Tag: fertility

To Soy or Not to Soy?

Or … Sometimes the More You Find Out, the Less You Really Know

For years I have been under the impression that switching to soy products was a good thing to do for your health. Soy milk instead of cow’s milk. Tofu instead of meat. Edamame instead of peas. Actually I didn’t realize that edamame, tofu and miso were made of soy beans until the day before yesterday, but that doesn’t change the fact that I thought these foods were for the super-healthy and health-conscious.

Then the other day, I was talking soy beans with a super-knowledgeable, food-informed young friend. Or rather, she was talking and I was listening. My friend and her family have been paying attention to healthy eating matters and practicing healthy eating for many years. Food is her “thing.” She is paying attention. Here’s what she said:

In their raw state, soy beans are toxic to humans.

Hold the phone! Even I know this is a HUGE clue right there. If it’s not good for you raw, why would it be good for you cooked? According to Wikipedia:

For human consumption, soybeans must be cooked with “wet” heat to destroy the trypsin inhibitors (serine protease inhibitors). Raw soybeans, including the immature green form, are toxic to humans, swine, chickens, and in fact, all monogastric animals.

My friend also said:

While soy products are a great source of protein, they may have other impacts on your body beyond nutrition because of a plant compound in soy beans that mimics estrogen.

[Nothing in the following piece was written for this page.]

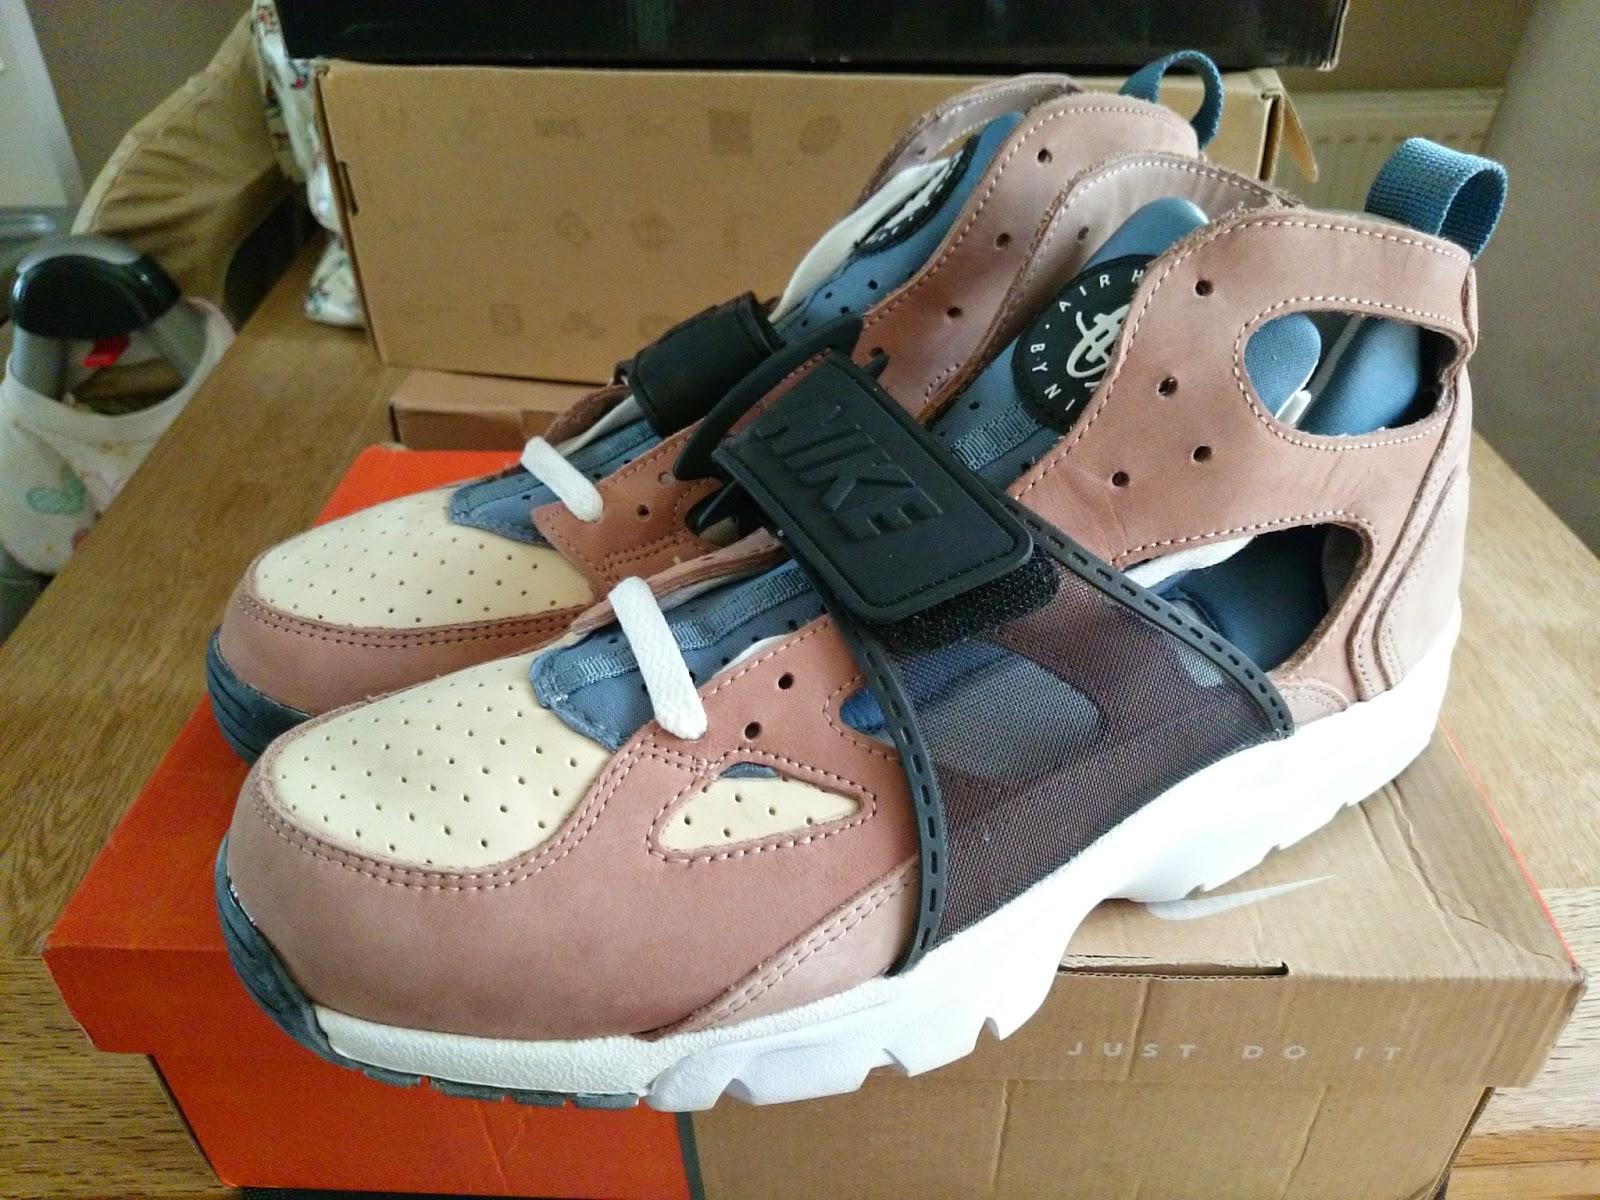 separation shoes edfb0 72278 ... escape Nike Air Huarache Trainer .

In areas where soy products, especially soy milk, are in widespread use, the population’s hormones are being affected, including girls beginning to have their periods as young as nine years old.

Consuming large amounts of soy products increases infertility.

Wow! According to this article in the December 9, 2009 issue of Scientific American Magazine, it’s all true and more:

Could Eating Too Much Soy Be Bad for You?
New studies suggest that eating large amounts of soy’s estrogen-mimicking compounds might reduce fertility in women, trigger early puberty and disrupt development of fetuses and children
By Lindsey Konkel and Environmental Health News | November 3, 2009

This brief foray into soy beans has led me to these unsatisfactory conclusions:

  1. The internet is making us stupid. Well, it’s making me stupid anyway. It is THE source of information, and whoever has the best SEO wins, instead of whoever has the best facts and credibility. Google, can you please get to work on that?
  2. We need better, objective, conclusive scientific research. There are conclusive answers, they just seem to elude us for now. Maybe that’s where all those brilliant math and science students would be helpful. How many research studies did it take to reach universal agreement that radioactivity was bad for your health? Were there any studies which claimed otherwise?
  3. Do we need soy? Is it possible to feed all the people on this planet without soy?
  4. Lastly and most importantly: “Everything in moderation” emerges once again as the best advice. Consume soy in moderation. Of course, that doesn’t help all the babies drinking soy infant formula all day. Or the kids eating soy in their hamburger meat at school every day. Soy is probably in all kinds of products that we don’t even know about. How can you exercise moderation in your soy intake if you don’t even realize you’re consuming soy? Make it a point to pay attention to how much soy you’re actually consuming.

Now you know why I typically let this kind of stuff go in one ear and out the other. I am left suspicious of soy products but without any iron-clad proof. It’s like all the conspiracy theories of the world: Something about them rings true, but it all doesn’t add up in the end. So you file it away in your brain’s X-FILES area and hope to find an answer some day. “The Truth is Out There.” “Trust No One.”

And I thought being an EnviroSeeker was going to be easy.